28 avril 2022 - 07:00
Réforme de la santé : les syndicats demeurent sceptiques
Par: Sarah-Eve Charland
Les syndicats du CISSS de la Montérégie-Est accueillent froidement la nouvelle réforme de la santé présentée par le gouvernement du Québec. Photothèque | Le Courrier ©

Les syndicats du CISSS de la Montérégie-Est accueillent froidement la nouvelle réforme de la santé présentée par le gouvernement du Québec. Photothèque | Le Courrier ©

Annoncé en grande pompe récemment, le Plan pour mettre en œuvre les changements nécessaires en santé a été accueilli froidement par les syndicats du personnel du Centre intégré de santé et de services sociaux (CISSS) de la Montérégie-Est.

Le ministre de la Santé et des Services sociaux, Christian Dubé, a présenté une réforme qui se veut plus humaine et plus performante. Les syndicats reconnaissent l’effort. Ils ne rejettent pas du revers de la main l’ensemble du document. Bien au contraire, certains aspects leur plaisent comme la décentralisation et l’interdisciplinarité, mais certains doutes subsistent.

Pas de moyens concrets

Pour la représentante nationale de l’Alliance du personnel professionnel et technique de la santé et des services sociaux (APTS), Joëlle Lavoie-Vigeant, l’absence d’échéancier clair pose problème. « On espère que ce n’est pas juste un exercice de relations publiques en vue des prochaines élections, mais qu’il y ait une réelle volonté politique d’améliorer les choses. On espère que le gouvernement va mettre en place des mesures rapidement parce qu’il y a une urgence d’agir. On espère qu’ils vont prioriser les mesures qui visent une meilleure organisation du travail. »

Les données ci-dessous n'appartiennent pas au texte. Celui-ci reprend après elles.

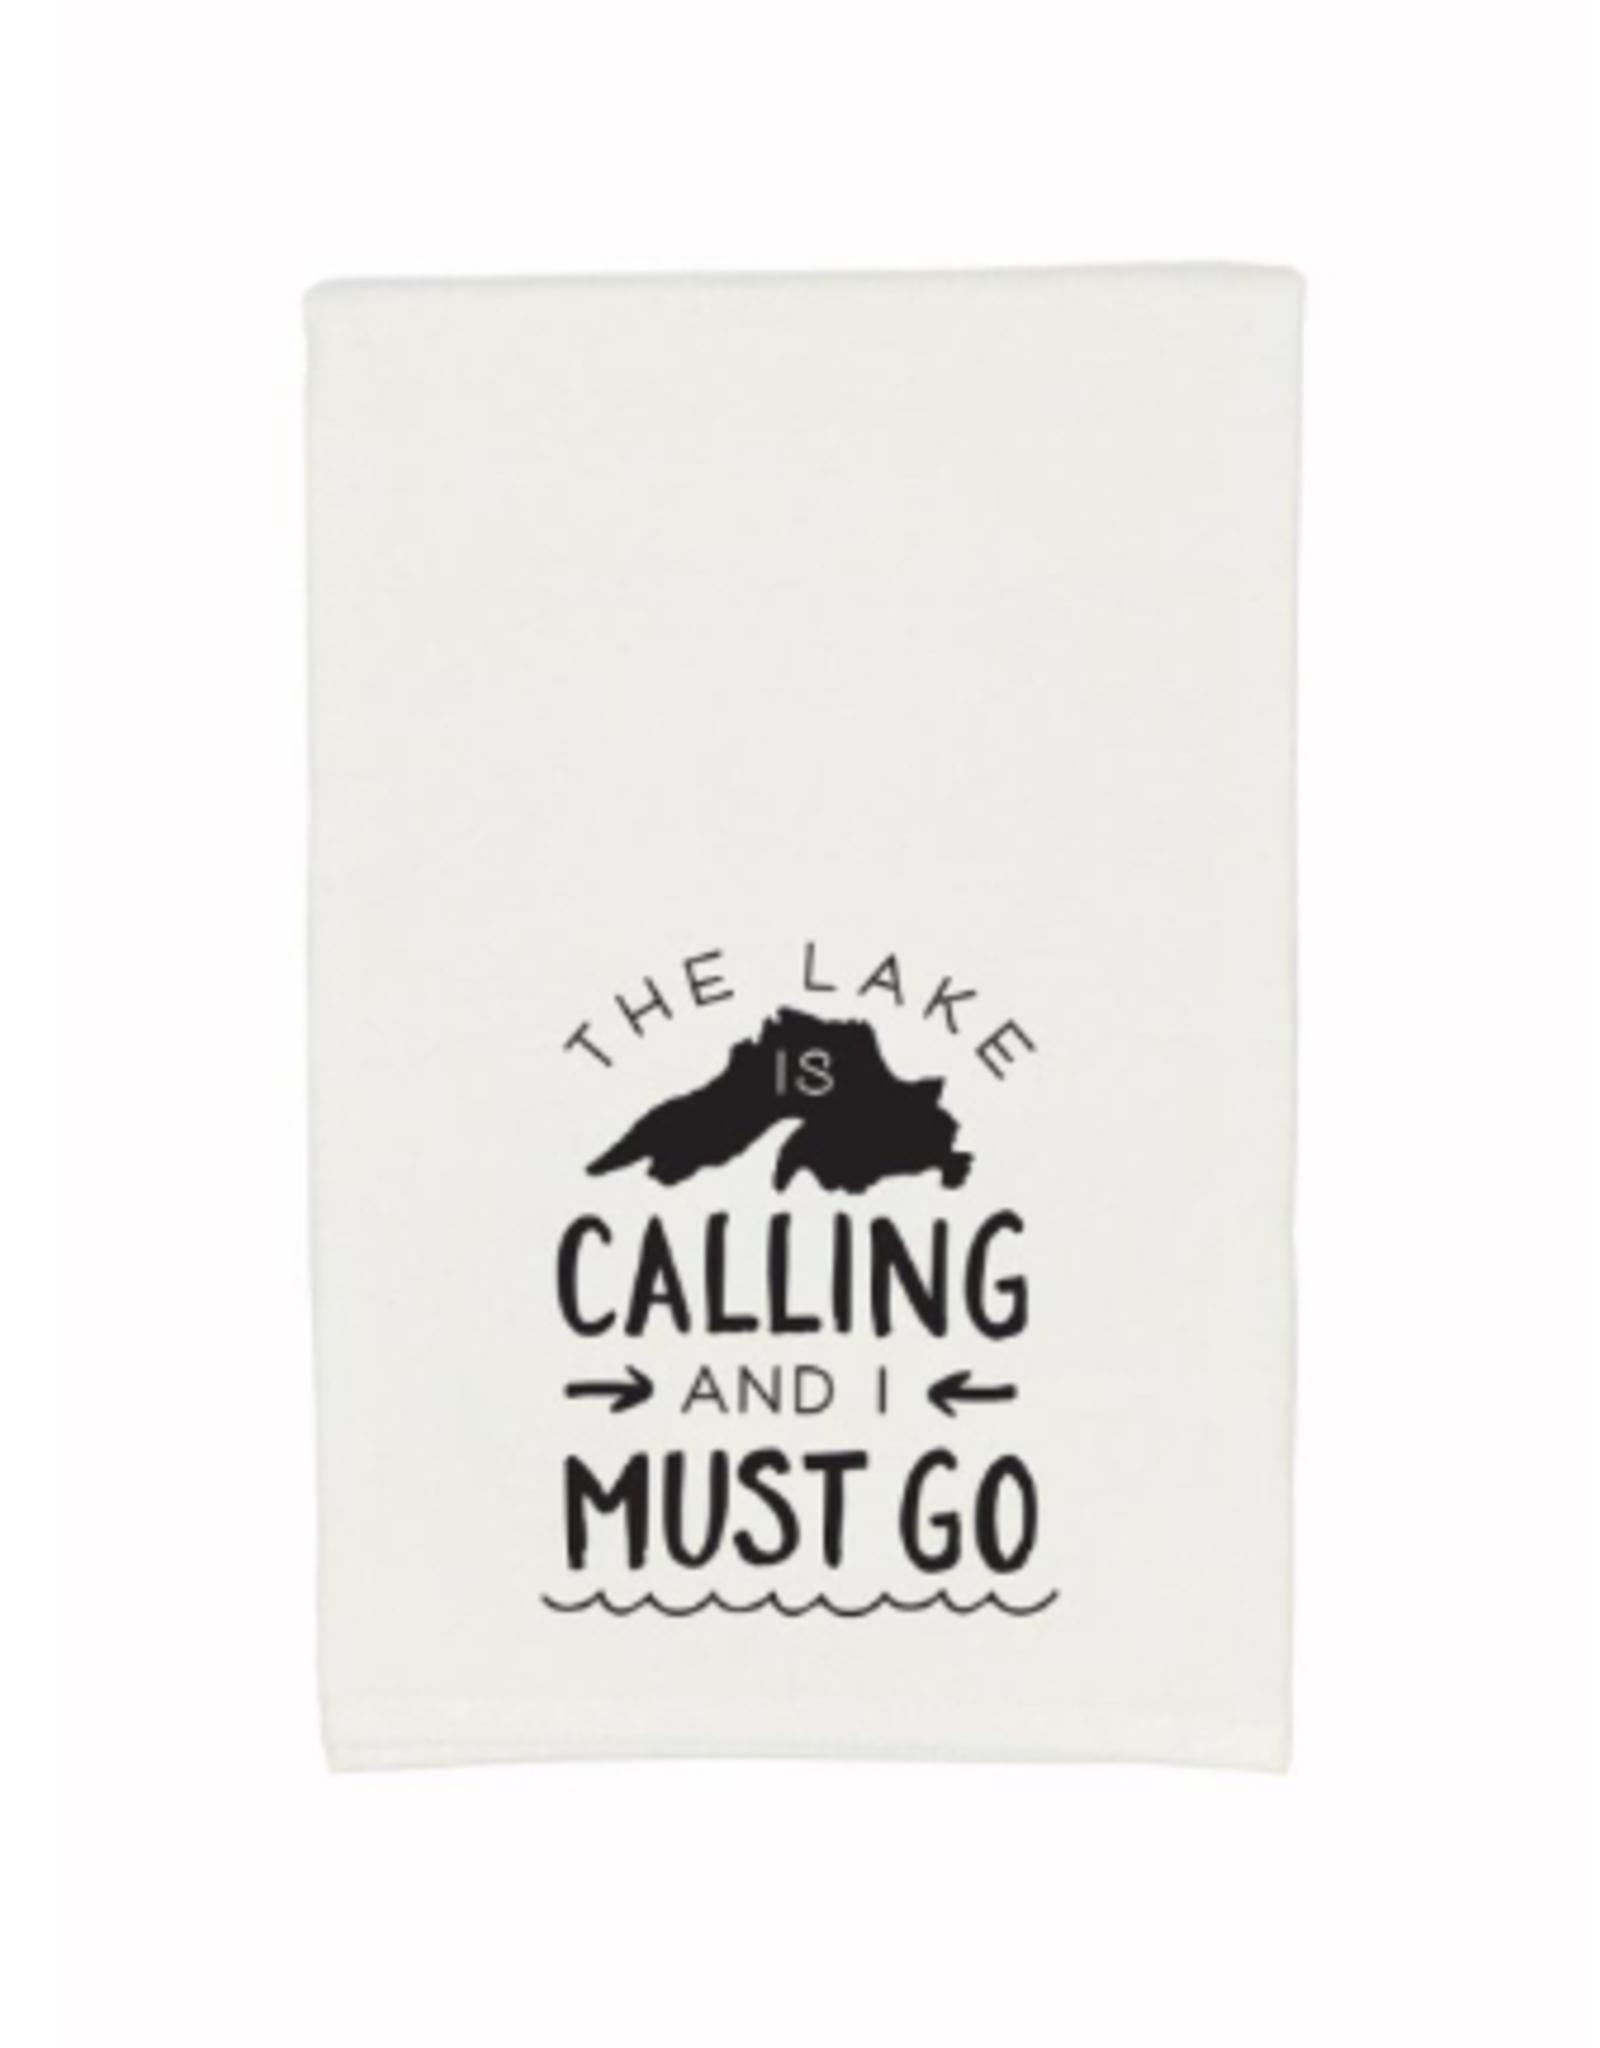 Gitch Gear Lake Superior Tea Towel, Calling
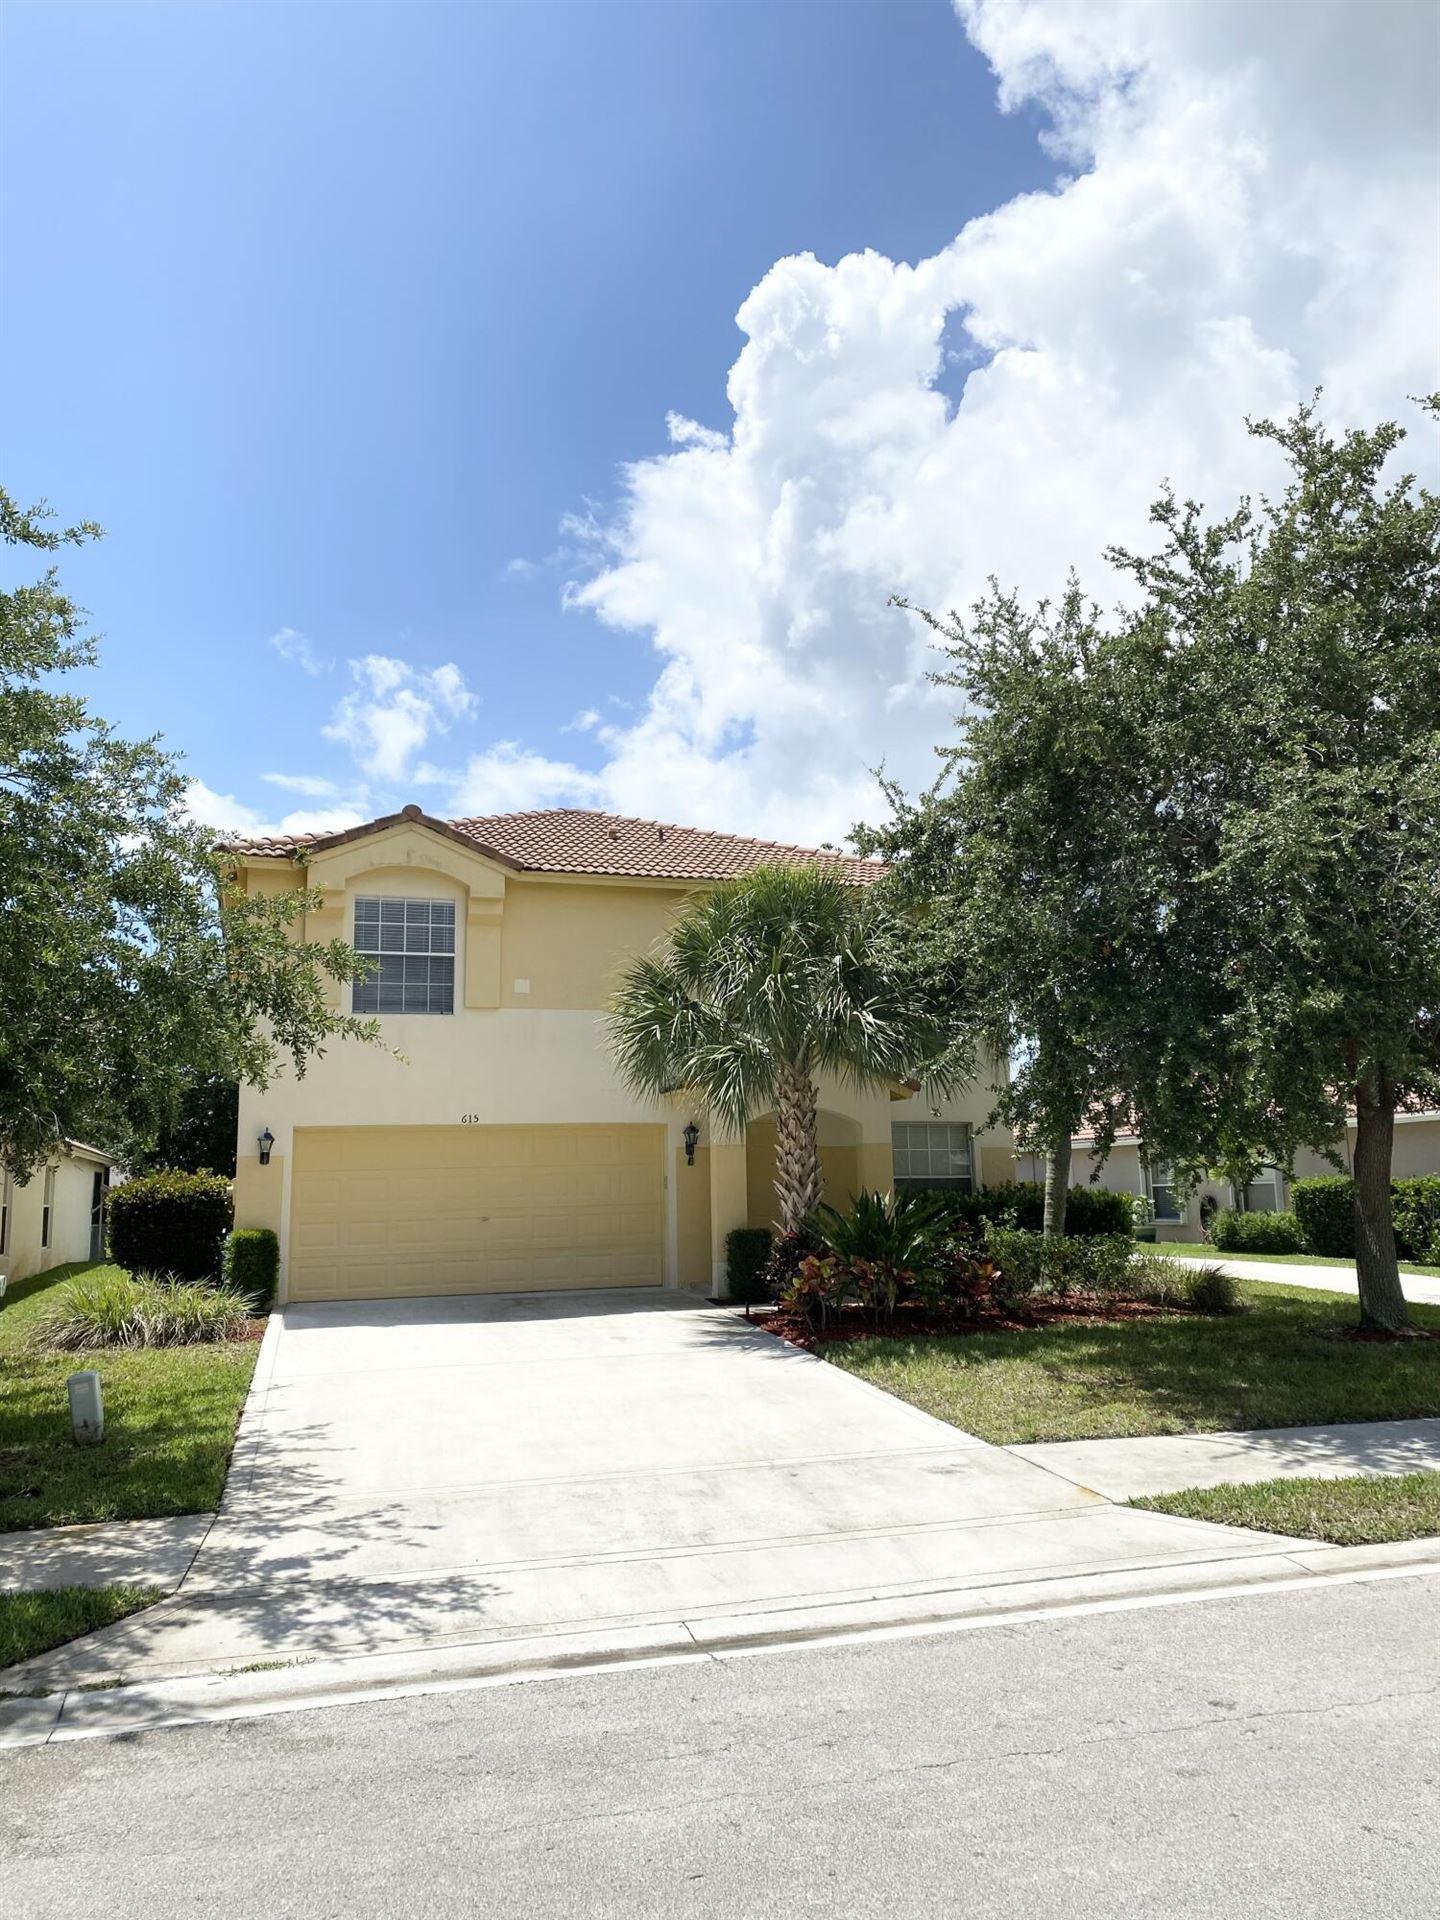 615 NW Stanford Lane, Port Saint Lucie, FL 34983 - MLS#: RX-10709118

La Fédération professionnelle de la santé du Québec (FIQ) souhaitait y voir certaines priorités, dont la mise en place de moyens concrets pour éliminer le temps supplémentaire obligatoire, un encadrement strict de la main-d’œuvre indépendante et des consignes sur les ratios personnel-patients. « Le plan ne répond pas à l’ensemble de nos priorités. On ne mentionne pas les moyens pour y arriver. On ne mentionne pas les ratios professionnel-patient. On est déçus », admet la présidente Julie Bouchard.

La réforme met à l’avant-plan l’accès à une porte d’entrée unique pour la première ligne qui prendra la forme du Guichet d’accès à la première ligne. Parmi les actions proposées, on mentionne une décentralisation des pouvoirs. Le président du Syndicat des travailleuses et travailleurs du Centre intégré de santé et services sociaux de la Montérégie-Est-CSN, Daniel Laroche, déplore que les employés doivent traverser une nouvelle réforme même s’il accueille favorablement la décentralisation.

Mme Lavoie-Vigeant abonde dans le même sens. « Il n’y a pas énormément de mesures concrètes qui expliquent comment ça va se faire. Décentraliser peut être positif, mais pour nous, la démarche n’est pas claire. »

Le gouvernement s’est engagé à éliminer le recours au temps supplémentaire obligatoire (TSO). « C’est déjà une promesse qui a été faite il y a quatre ans, rappelle Julie Bouchard. Force est de constater que le temps supplémentaire obligatoire est toujours un fléau dans le réseau de la santé. On s’entend avec le gouvernement; il ne doit plus y avoir du TSO comme mode de gestion. Mais comment y arriver? Ça n’apparaît nulle part. »

Le gouvernement compte aussi miser sur une plus grande place du secteur privé, ce qui a notamment fait réagir les syndicats. Pour M. Laroche, prendre cette direction accentuera le fossé entre les secteurs privé et public tout en ouvrant la porte à un exode des employés.

« En chirurgie par exemple, les cas lourds se retrouvent dans le secteur public et les cas plus légers dans le secteur privé. Ça risque de générer un exode. Les travailleurs ne voudront pas gérer uniquement des cas lourds, affirme M. Laroche. Au privé, dans plusieurs situations, les gens seront en mesure d’améliorer leur sort. Au contraire, il faudrait diminuer la présence du privé pour ramener du monde dans le secteur public. Si on a plus de personnel, on sera en mesure d’offrir de meilleurs services. Ça passe notamment par l’élimination de la main-d’œuvre indépendante. »

Une plus grande collaboration demandée

L’APTS rappelle que la réforme n’est pas le résultat d’une collaboration avec les acteurs du réseau. « Notre plus grand souhait, c’est que la refonte du système soit faite en collaboration avec les organisations syndicales et les acteurs du réseau. Pour nous c’est primordial de le faire en collaboration avec les organisations syndicales pour trouver des solutions pérennes qui vont parler aux gens. Beaucoup d’employés ont vécu deux ou trois réformes. Il y a une perte de sens au niveau de leur travail », mentionne Joëlle Lavoie-Vigeant.